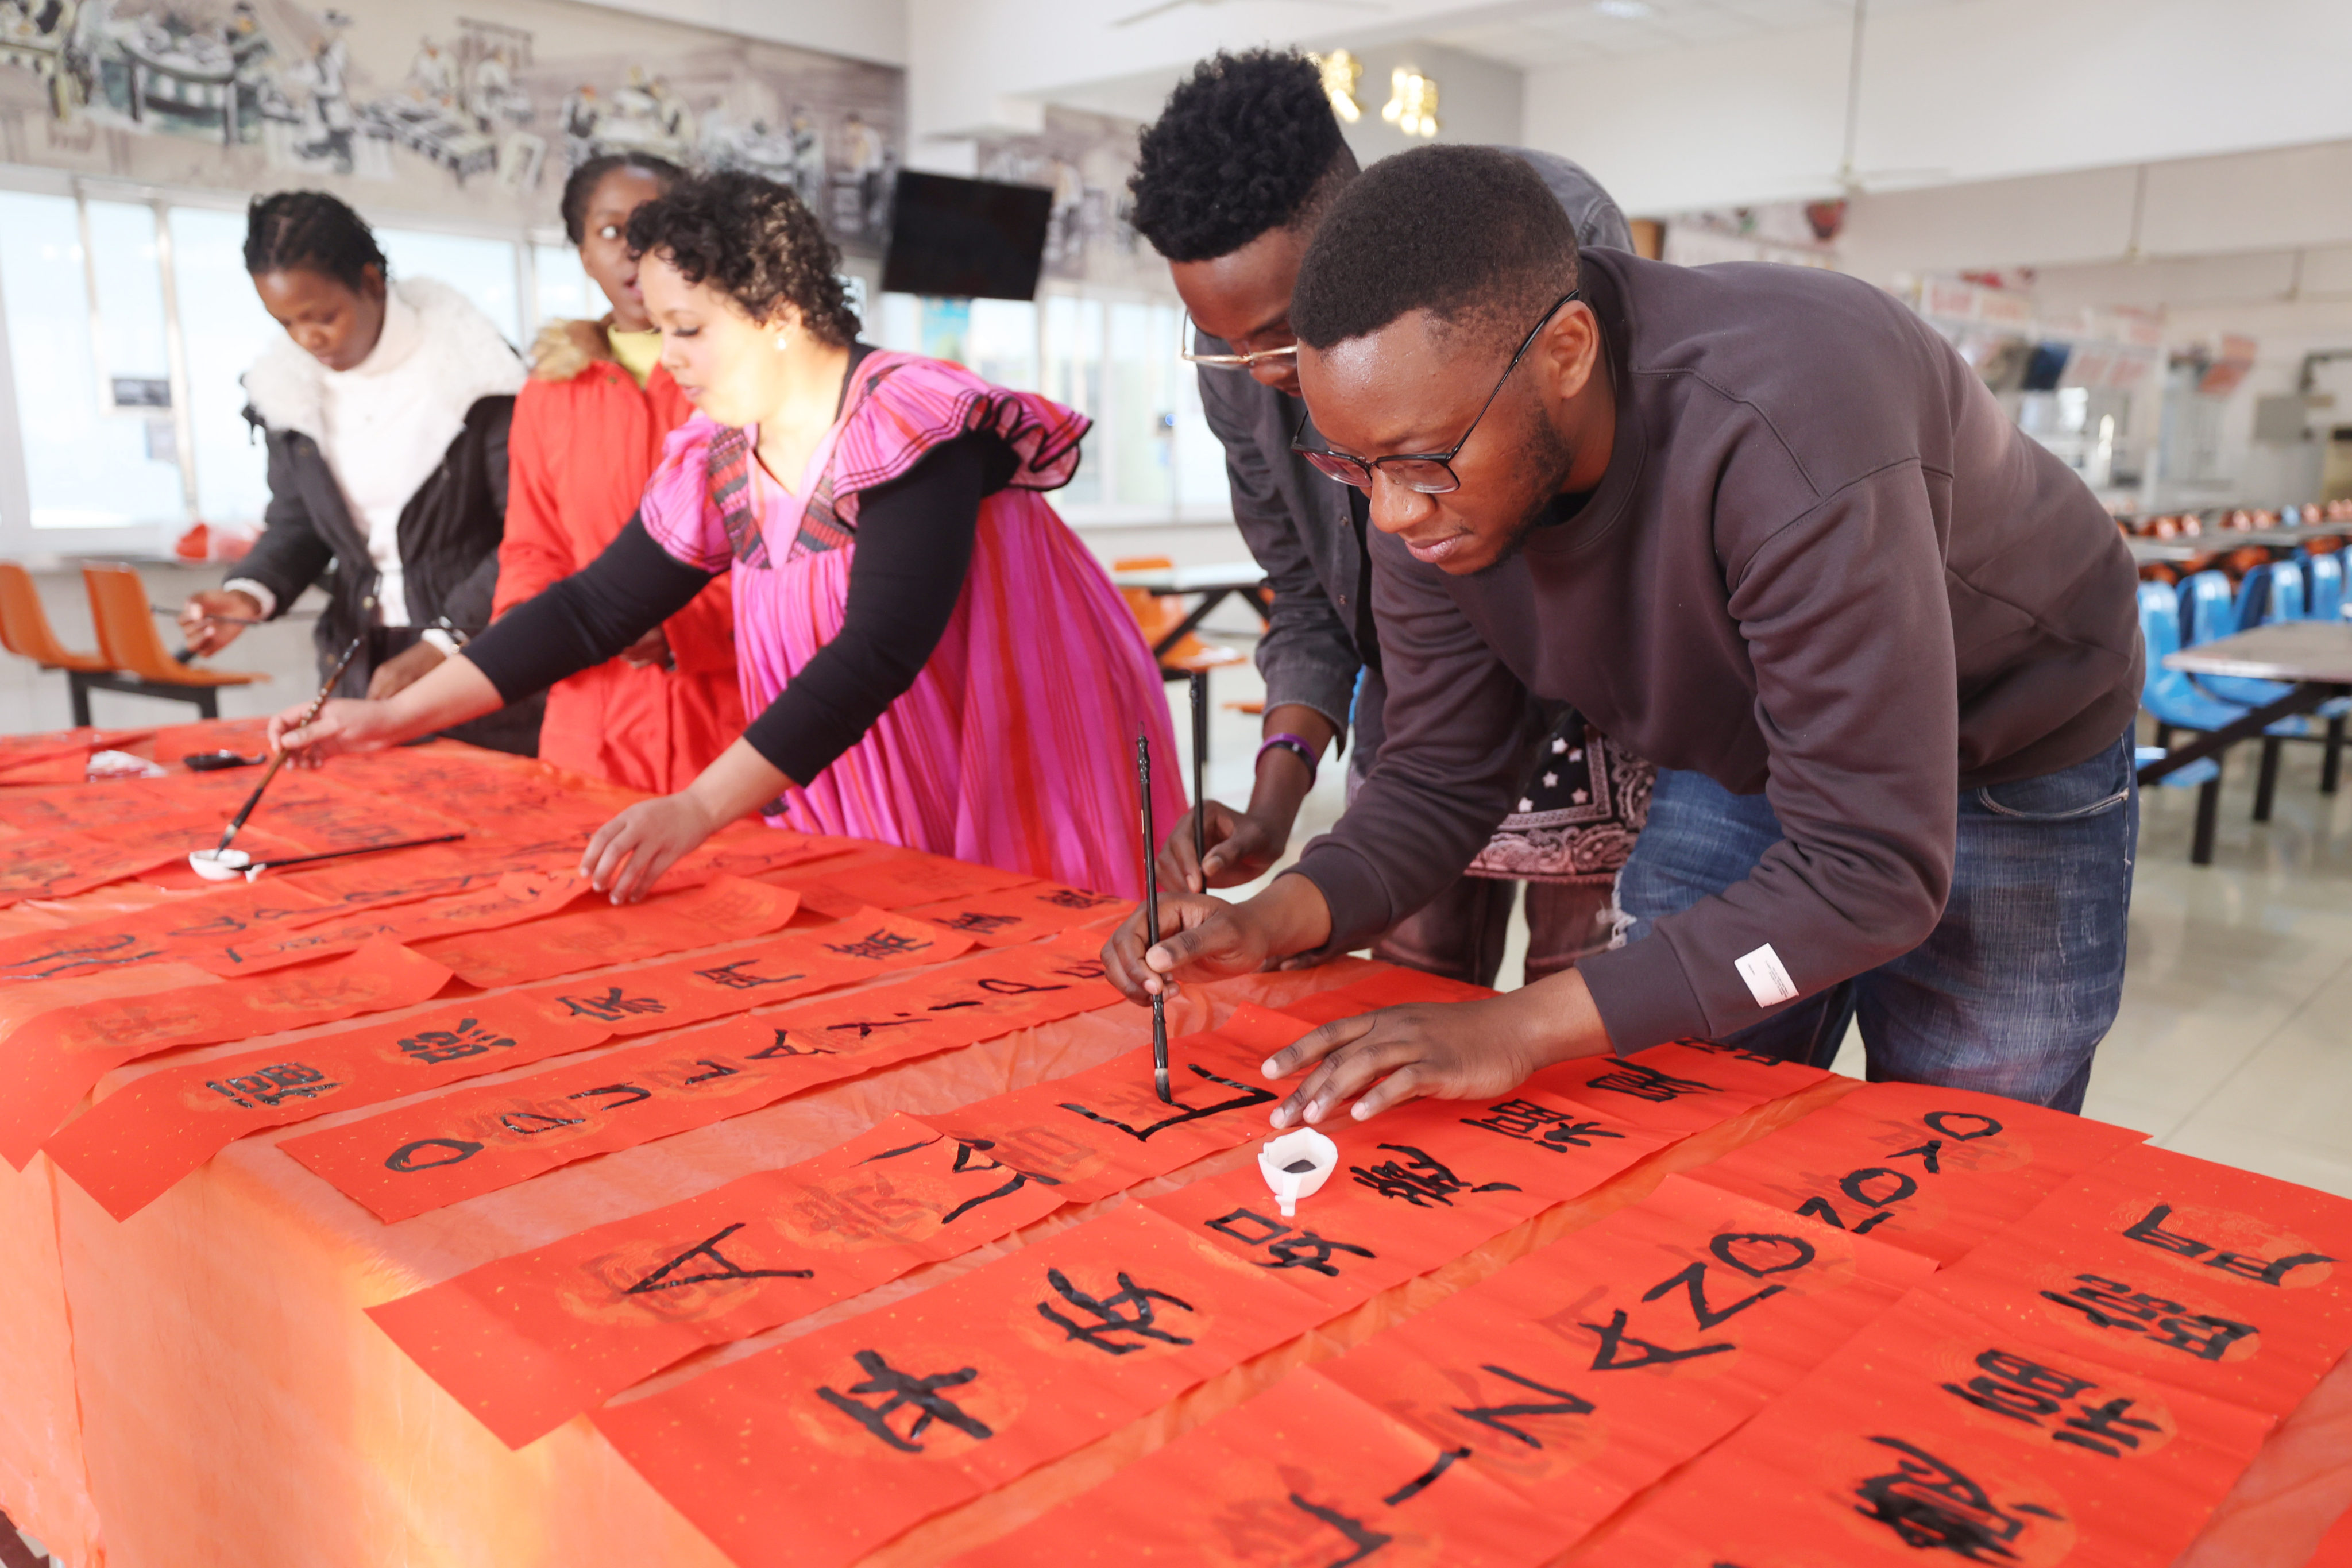 Foreign students studying Chinese in China should be able to show some level of language proficiency, according to a CPPCC member. Photo: Getty Images
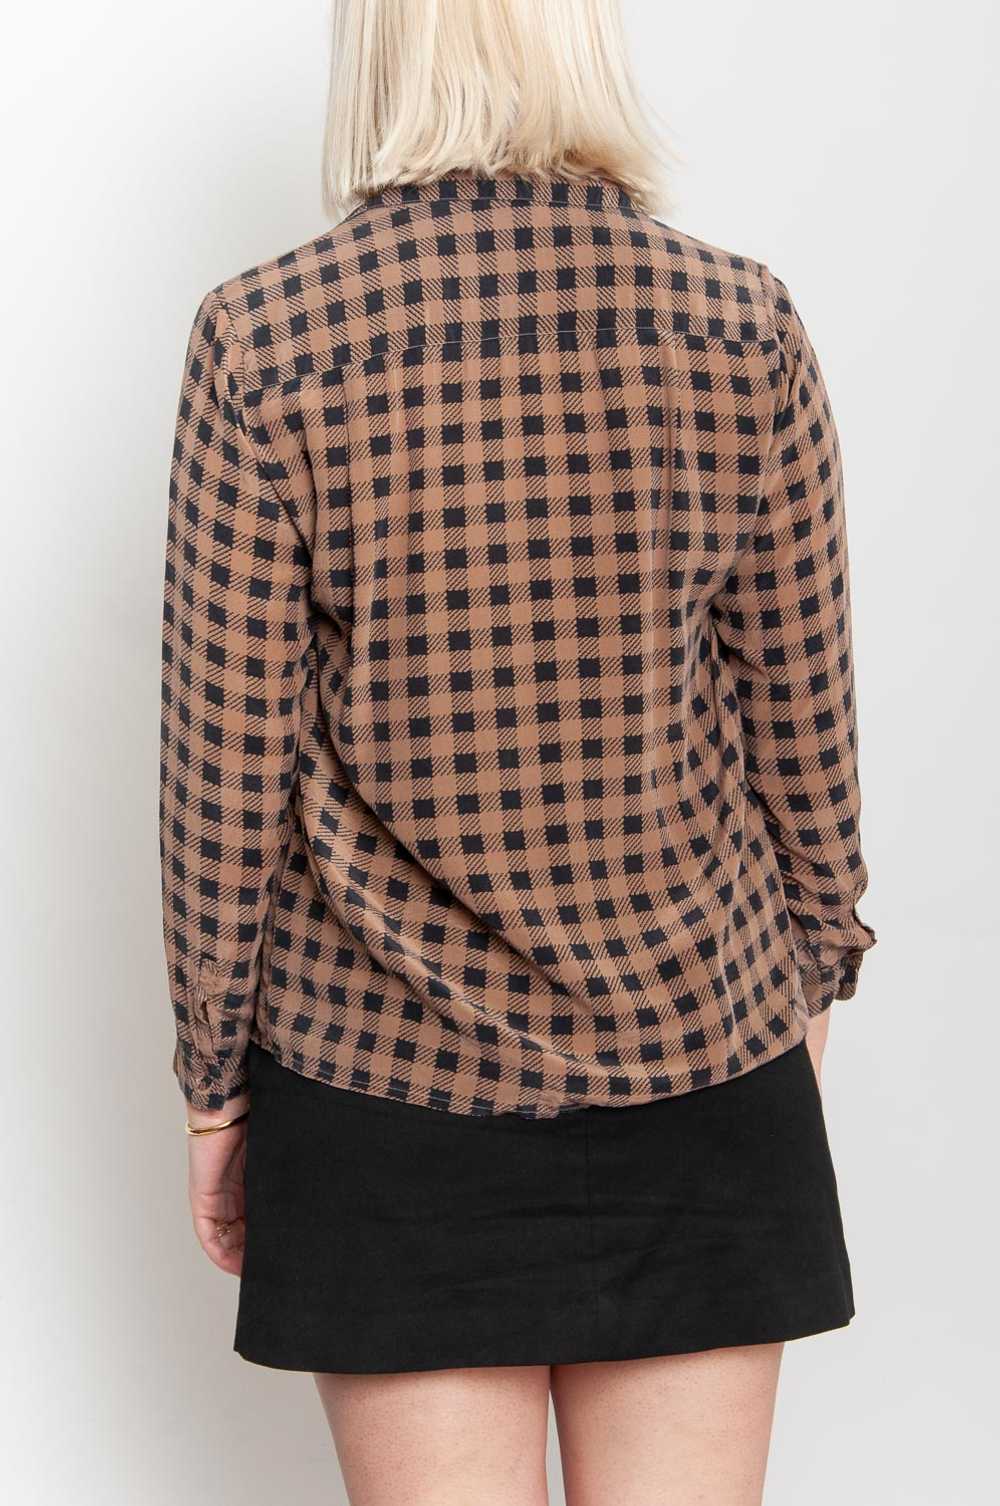 Checked silk blouse long sleeve Brown-Black - image 2
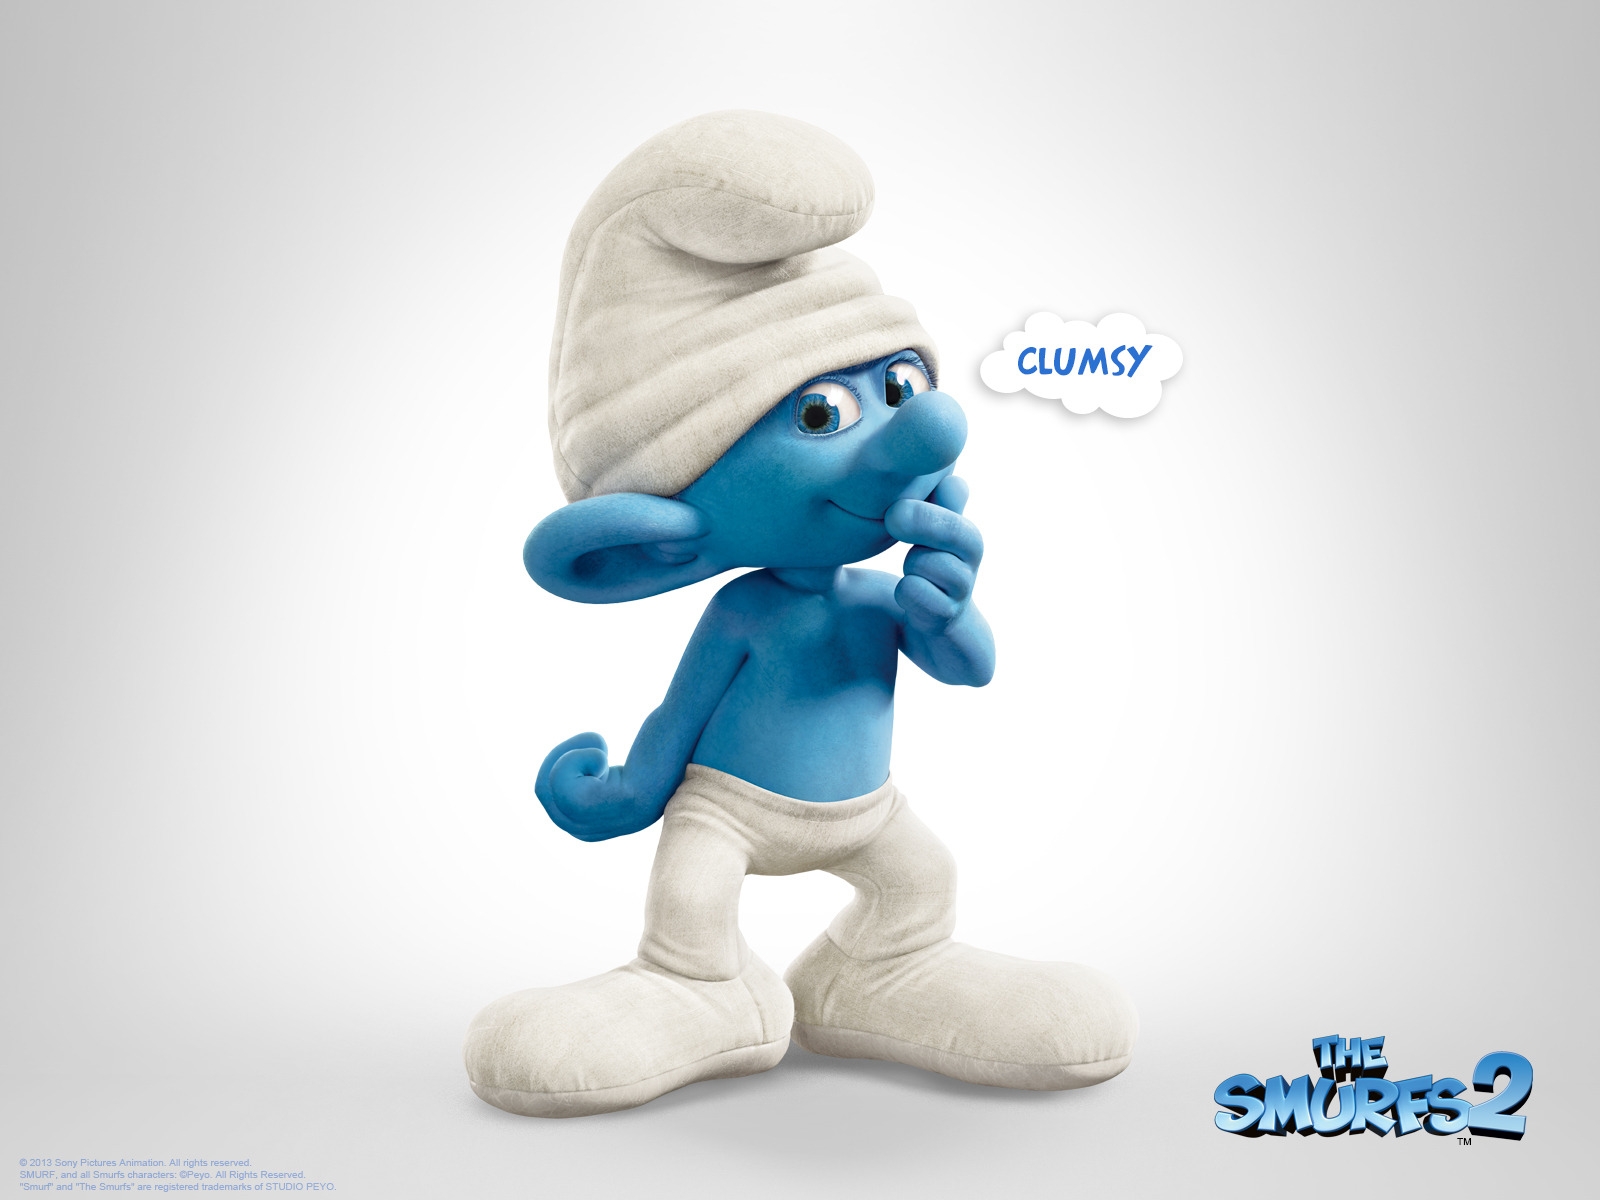 Clumsy The Smurfs 2 for 1600 x 1200 resolution

********************

• [REQUIREMENT] Output nothing but the lines from the line with "Checked silk blouse" through the last line of the material above, please, word for word and without the pictures.

• [ANSWER TO THE PROBLEM]
 Checked silk blouse long sleeve Brown-Black - image 2
 Clumsy The Smurfs 2 for 1600 x 1200 resolution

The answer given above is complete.